A lot of the abandonned projects were made using the Unity game engine, it was a convenient way to bundle cross-platform applications. The engine's APIs were in flux at the time, and the rapid migration from one version to the next became more trouble than it was worth. I also had difficulty versioning, and preserving copies, of these massive project files. The engine's transition toward a monthly fee had me looking elsewhere to host my projects.
As of January 2015, all Unity development was abandoned.
Bitrot: Mobile games and tools.
In another life, I was building mobile apps, I thought it was a neat platform, until the size of the toolchains exploded, and the tools themselves became near unsable due to bugs and crashes; ultimately, Apple's requiring the latest hardware to push to their store is what did me in.
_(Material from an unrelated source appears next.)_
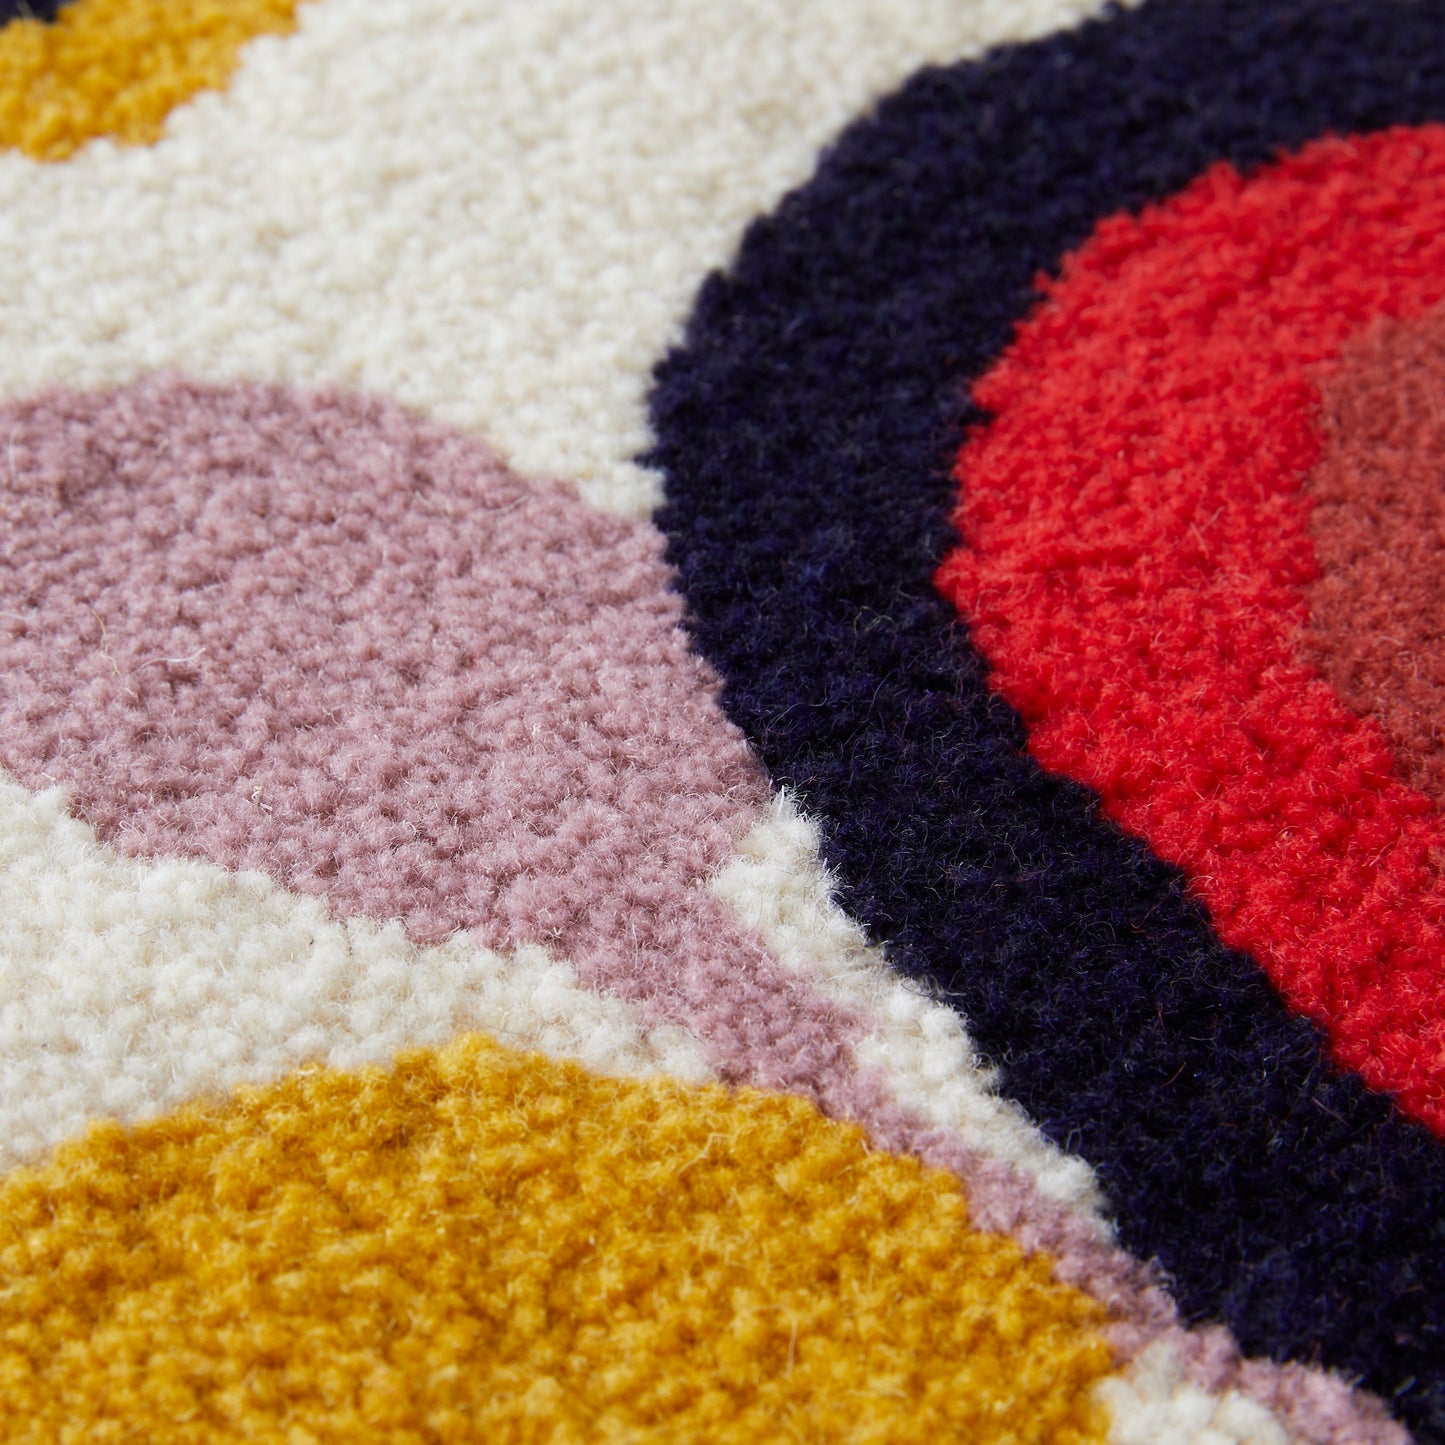 A cartoon-esque Candy Landscape rug runner with rainbows, hills and trees, hand tufted in a mixture of mustard, lilac, cream, red, coral, black, navy and maroon reclaimed yarns. A cut pile finish with hand bound mustard edges close up.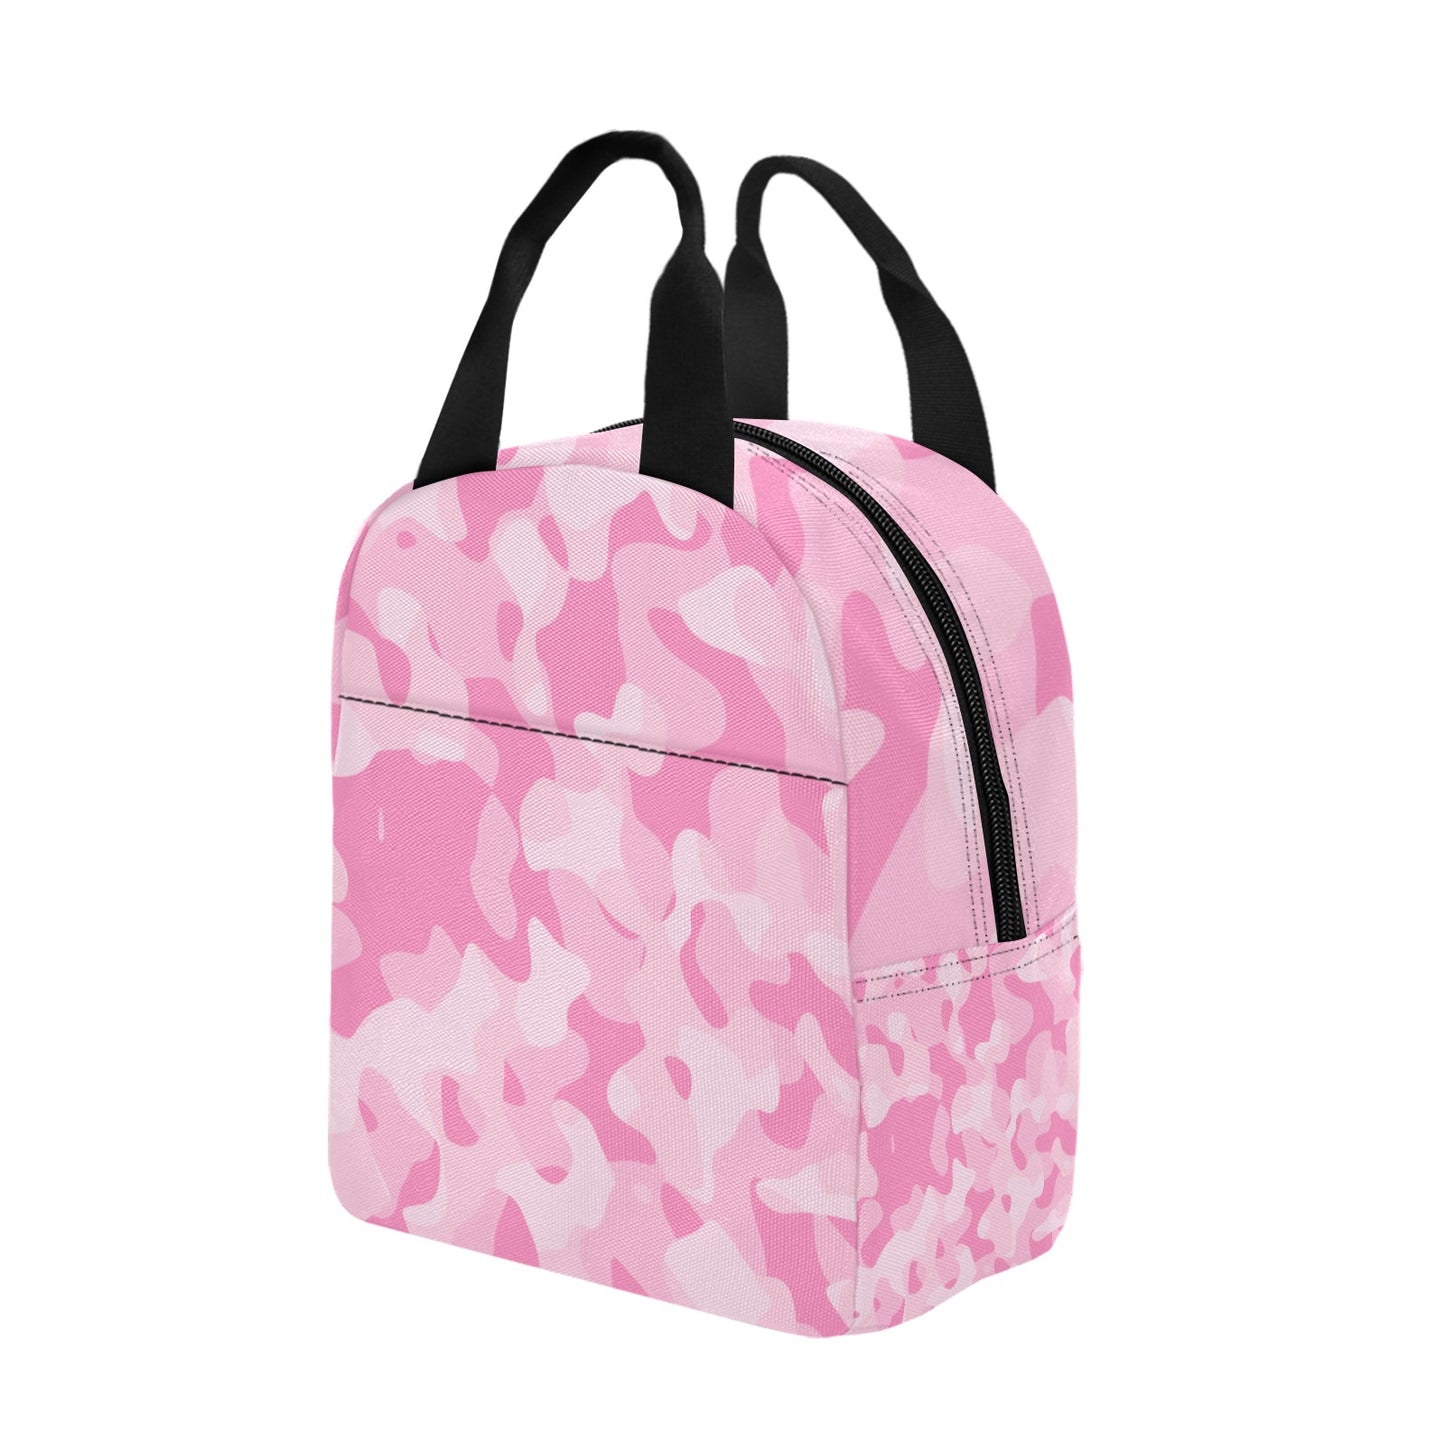 Insulated Zipper Lunch Bag-Pink Camouflage

Never again.
As I sailed across the Pacific Ocean, it became increasingly clear that building software for Apple's mobile ecosystem was unsustainable due to the frequent and massive toolchain updates, and the need for the latest generation of Apple devices to successfuly sign and publish to the platform which are quite hard to aquire in far flung countries.
Trying to maintain our iOS devices outside of western countries, or updating X Code via expensive or spotty internet was something we could no longer afford. As of march 2019, all iOS development was abandoned.
Bitrot: Web apps and Electron.
The goal of porting stuff for the web was originally to escape from X Code and onto a more portable ecosystem, but the application were much too power hungry to be usable, the APIs kept changing, browser incompatiblities were hard to keep up with, and the projects were abandoned.
Subsequent to the iOS development, many applications were migrated to the Electron framework and web browsers. The entire toolchain, from the necessary internet connection to access the ever-changing documentation and the energy required for the building of the massive resulting application, to the bandwidth used for its publication, was irreconcilable with our studio's solar energy and roaming connectivity setups.
After a while, I stopped maintaining and using the applications altogether to preserve energy and bandwidth. As of december 2021, all Electron/HTML5 development was abandoned.